• **WHAT IS REQUIRED**: All lines below are to be output exactly as they stand.

• **THE DATA**:
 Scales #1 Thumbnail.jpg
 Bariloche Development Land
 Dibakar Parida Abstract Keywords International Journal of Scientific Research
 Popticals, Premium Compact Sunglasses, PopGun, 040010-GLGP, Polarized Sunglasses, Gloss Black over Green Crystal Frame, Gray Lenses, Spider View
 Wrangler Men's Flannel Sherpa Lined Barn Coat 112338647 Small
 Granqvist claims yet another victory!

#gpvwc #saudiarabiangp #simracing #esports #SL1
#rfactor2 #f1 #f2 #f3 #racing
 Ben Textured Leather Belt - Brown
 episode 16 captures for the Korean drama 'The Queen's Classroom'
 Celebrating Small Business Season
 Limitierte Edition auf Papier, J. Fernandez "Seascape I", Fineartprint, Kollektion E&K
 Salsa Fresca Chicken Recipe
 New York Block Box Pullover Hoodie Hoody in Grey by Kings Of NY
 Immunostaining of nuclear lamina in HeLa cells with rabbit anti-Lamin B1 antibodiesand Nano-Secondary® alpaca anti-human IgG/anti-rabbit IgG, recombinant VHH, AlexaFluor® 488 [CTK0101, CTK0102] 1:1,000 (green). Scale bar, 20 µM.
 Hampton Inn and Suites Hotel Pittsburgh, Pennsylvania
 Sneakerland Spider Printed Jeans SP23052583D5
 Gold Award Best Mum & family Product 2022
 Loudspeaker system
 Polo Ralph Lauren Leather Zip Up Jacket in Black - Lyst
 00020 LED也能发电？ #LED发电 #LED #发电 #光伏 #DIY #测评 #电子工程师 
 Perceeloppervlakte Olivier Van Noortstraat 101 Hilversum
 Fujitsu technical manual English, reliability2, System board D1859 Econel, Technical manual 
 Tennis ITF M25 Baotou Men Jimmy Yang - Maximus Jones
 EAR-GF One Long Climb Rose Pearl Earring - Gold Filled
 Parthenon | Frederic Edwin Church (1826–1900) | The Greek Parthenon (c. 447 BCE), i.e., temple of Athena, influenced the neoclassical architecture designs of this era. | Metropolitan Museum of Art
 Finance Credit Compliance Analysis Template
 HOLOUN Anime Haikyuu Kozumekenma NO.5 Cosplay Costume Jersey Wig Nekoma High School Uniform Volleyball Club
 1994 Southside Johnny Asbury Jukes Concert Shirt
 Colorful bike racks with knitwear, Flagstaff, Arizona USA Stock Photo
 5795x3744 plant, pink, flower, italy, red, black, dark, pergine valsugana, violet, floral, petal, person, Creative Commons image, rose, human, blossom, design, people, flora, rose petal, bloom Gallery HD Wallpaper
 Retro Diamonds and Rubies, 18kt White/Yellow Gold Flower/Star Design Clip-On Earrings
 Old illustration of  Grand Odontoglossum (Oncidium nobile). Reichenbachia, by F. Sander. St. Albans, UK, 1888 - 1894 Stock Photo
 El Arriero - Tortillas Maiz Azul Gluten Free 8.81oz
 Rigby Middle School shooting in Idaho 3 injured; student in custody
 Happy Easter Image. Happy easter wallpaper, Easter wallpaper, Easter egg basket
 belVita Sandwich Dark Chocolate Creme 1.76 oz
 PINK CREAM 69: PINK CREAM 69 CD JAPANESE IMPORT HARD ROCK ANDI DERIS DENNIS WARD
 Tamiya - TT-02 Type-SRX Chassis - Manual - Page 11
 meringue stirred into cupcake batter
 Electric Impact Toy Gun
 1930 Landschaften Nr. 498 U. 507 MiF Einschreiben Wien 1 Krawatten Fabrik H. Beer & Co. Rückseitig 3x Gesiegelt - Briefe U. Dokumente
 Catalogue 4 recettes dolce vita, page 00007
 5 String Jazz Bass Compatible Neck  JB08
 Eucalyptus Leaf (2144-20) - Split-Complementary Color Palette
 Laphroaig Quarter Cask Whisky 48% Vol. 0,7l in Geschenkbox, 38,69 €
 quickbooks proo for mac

• **RESULT FOR THIS TASK**:
 Scales #1 Thumbnail.jpg
 Bariloche Development Land
 Dibakar Parida Abstract Keywords International Journal of Scientific Research
 Popticals, Premium Compact Sunglasses, PopGun, 040010-GLGP, Polarized Sunglasses, Gloss Black over Green Crystal Frame, Gray Lenses, Spider View
 Wrangler Men's Flannel Sherpa Lined Barn Coat 112338647 Small
 Granqvist claims yet another victory!

#gpvwc #saudiarabiangp #simracing #esports #SL1
#rfactor2 #f1 #f2 #f3 #racing
 Ben Textured Leather Belt - Brown
 episode 16 captures for the Korean drama 'The Queen's Classroom'
 Celebrating Small Business Season
 Limitierte Edition auf Papier, J. Fernandez "Seascape I", Fineartprint, Kollektion E&K
 Salsa Fresca Chicken Recipe
 New York Block Box Pullover Hoodie Hoody in Grey by Kings Of NY
 Immunostaining of nuclear lamina in HeLa cells with rabbit anti-Lamin B1 antibodiesand Nano-Secondary® alpaca anti-human IgG/anti-rabbit IgG, recombinant VHH, AlexaFluor® 488 [CTK0101, CTK0102] 1:1,000 (green). Scale bar, 20 µM.
 Hampton Inn and Suites Hotel Pittsburgh, Pennsylvania
 Sneakerland Spider Printed Jeans SP23052583D5
 Gold Award Best Mum & family Product 2022
 Loudspeaker system
 Polo Ralph Lauren Leather Zip Up Jacket in Black - Lyst
 00020 LED也能发电？ #LED发电 #LED #发电 #光伏 #DIY #测评 #电子工程师 
 Perceeloppervlakte Olivier Van Noortstraat 101 Hilversum
 Fujitsu technical manual English, reliability2, System board D1859 Econel, Technical manual 
 Tennis ITF M25 Baotou Men Jimmy Yang - Maximus Jones
 EAR-GF One Long Climb Rose Pearl Earring - Gold Filled
 Parthenon | Frederic Edwin Church (1826–1900) | The Greek Parthenon (c. 447 BCE), i.e., temple of Athena, influenced the neoclassical architecture designs of this era. | Metropolitan Museum of Art
 Finance Credit Compliance Analysis Template
 HOLOUN Anime Haikyuu Kozumekenma NO.5 Cosplay Costume Jersey Wig Nekoma High School Uniform Volleyball Club
 1994 Southside Johnny Asbury Jukes Concert Shirt
 Colorful bike racks with knitwear, Flagstaff, Arizona USA Stock Photo
 5795x3744 plant, pink, flower, italy, red, black, dark, pergine valsugana, violet, floral, petal, person, Creative Commons image, rose, human, blossom, design, people, flora, rose petal, bloom Gallery HD Wallpaper
 Retro Diamonds and Rubies, 18kt White/Yellow Gold Flower/Star Design Clip-On Earrings
 Old illustration of  Grand Odontoglossum (Oncidium nobile). Reichenbachia, by F. Sander. St. Albans, UK, 1888 - 1894 Stock Photo
 El Arriero - Tortillas Maiz Azul Gluten Free 8.81oz
 Rigby Middle School shooting in Idaho 3 injured; student in custody
 Happy Easter Image. Happy easter wallpaper, Easter wallpaper, Easter egg basket
 belVita Sandwich Dark Chocolate Creme 1.76 oz
 PINK CREAM 69: PINK CREAM 69 CD JAPANESE IMPORT HARD ROCK ANDI DERIS DENNIS WARD
 Tamiya - TT-02 Type-SRX Chassis - Manual - Page 11
 meringue stirred into cupcake batter
 Electric Impact Toy Gun
 1930 Landschaften Nr. 498 U. 507 MiF Einschreiben Wien 1 Krawatten Fabrik H. Beer & Co. Rückseitig 3x Gesiegelt - Briefe U. Dokumente
 Catalogue 4 recettes dolce vita, page 00007
 5 String Jazz Bass Compatible Neck  JB08
 Eucalyptus Leaf (2144-20) - Split-Complementary Color Palette
 Laphroaig Quarter Cask Whisky 48% Vol. 0,7l in Geschenkbox, 38,69 €
 quickbooks proo for mac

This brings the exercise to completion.